February 10, 2015

Relational to Hadoop by Oracle (CopyToBDA)

From the Oracle Product Development team comes a fantastic feature to offload data from RDBMS to Hadoop. It's called CopyToBDA!

Here's the description. Thanks to Melli Annamalai for the write up:

"Copy to BDA is a feature of Oracle Big Data SQL. Copy to BDA enables copy of Oracle Database tables to Oracle Big Data Appliance for query with Hive.    In this version, the high level steps are:

       - Create an external table with the ORACLE_DATAPUMP access driver.  This access driver will create an external table and populate the external Data Pump format files with Oracle Database table data.  
      - Copy the data pump files to Oracle Big Data Appliance.
      - Create a Hive table on the data pump files on the Big Data Appliance.  The data pump files can be queried with Hive and any Hadoop application that can access a Hive table.

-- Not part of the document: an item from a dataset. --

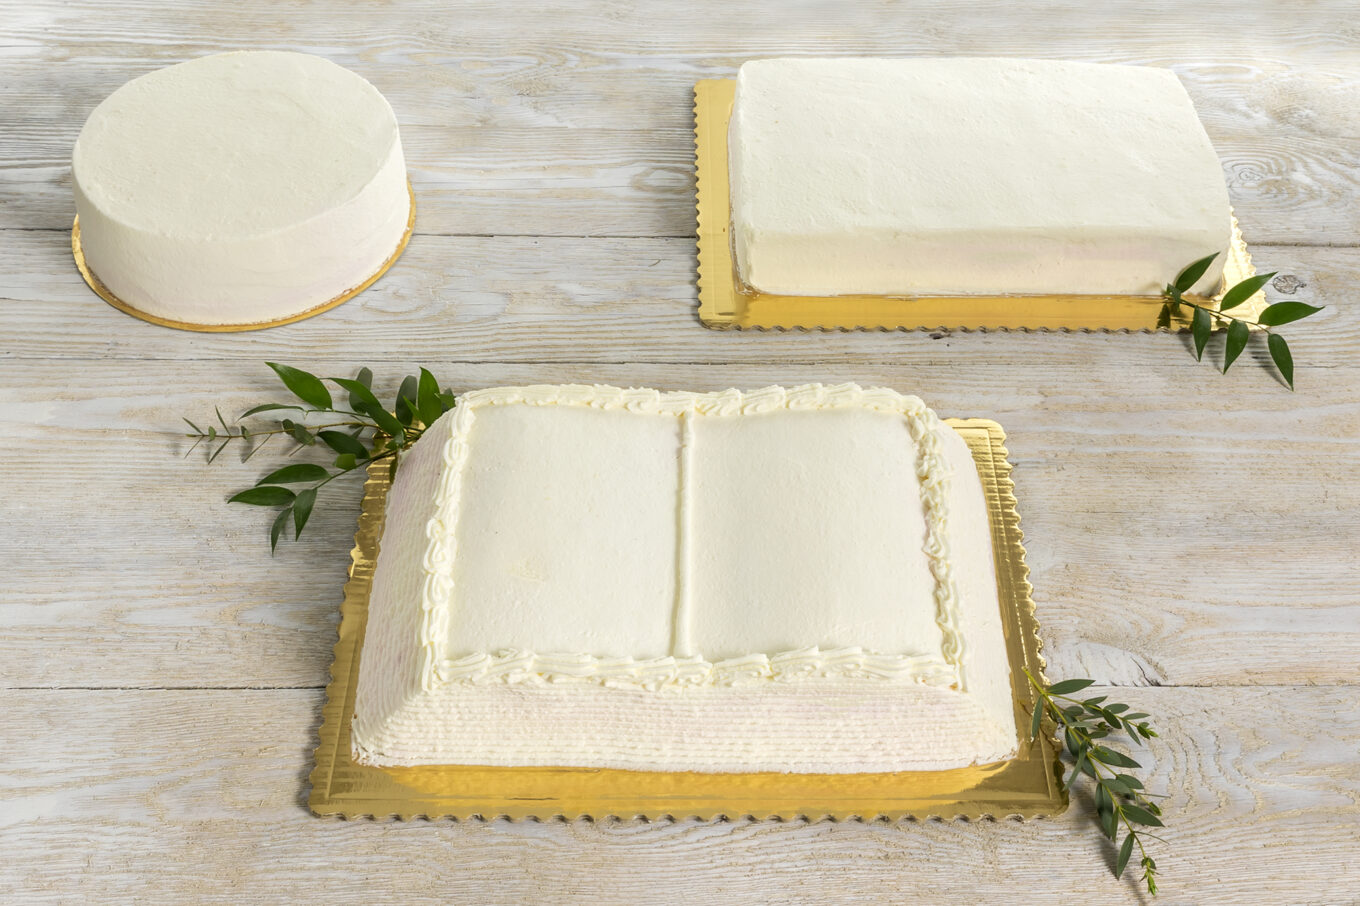 kształty tortów Cukiernia Jacek Placek to synonim smaku domowych ciast z naturalnych produktów.

 Future plans include the ability to write external data pump files directly to HDFS (via FUSE) during external table creation."

So what does this mean?

It means that Oracle is giving you the cake and the ability to slice and eat it! Big Data SQL is a technology that allows you to use HDFS (Hadoop Distributed File System) as yet another storage layer of your RDBMS. It means that you can offload some data (historical) to Hadoop and keep your code and processes intact. No code changes. How?

You decide which data to move to HDFS by using the CopyToBDA utility, and then by using the power of Big Data SQL you can combine your queries on data that sits botg on Hadoop and on RDBMS. There should be no room for religious discussions on which is better, by letting data reside on where data should be.

What's the criteria for splitting? There is no rule of thumb, but low level non-transactional data is a good fit for HDFS as well as historical transactional data. Large to Medium online transactional data should reside on RDBMS unless your apps were built with a different architecture.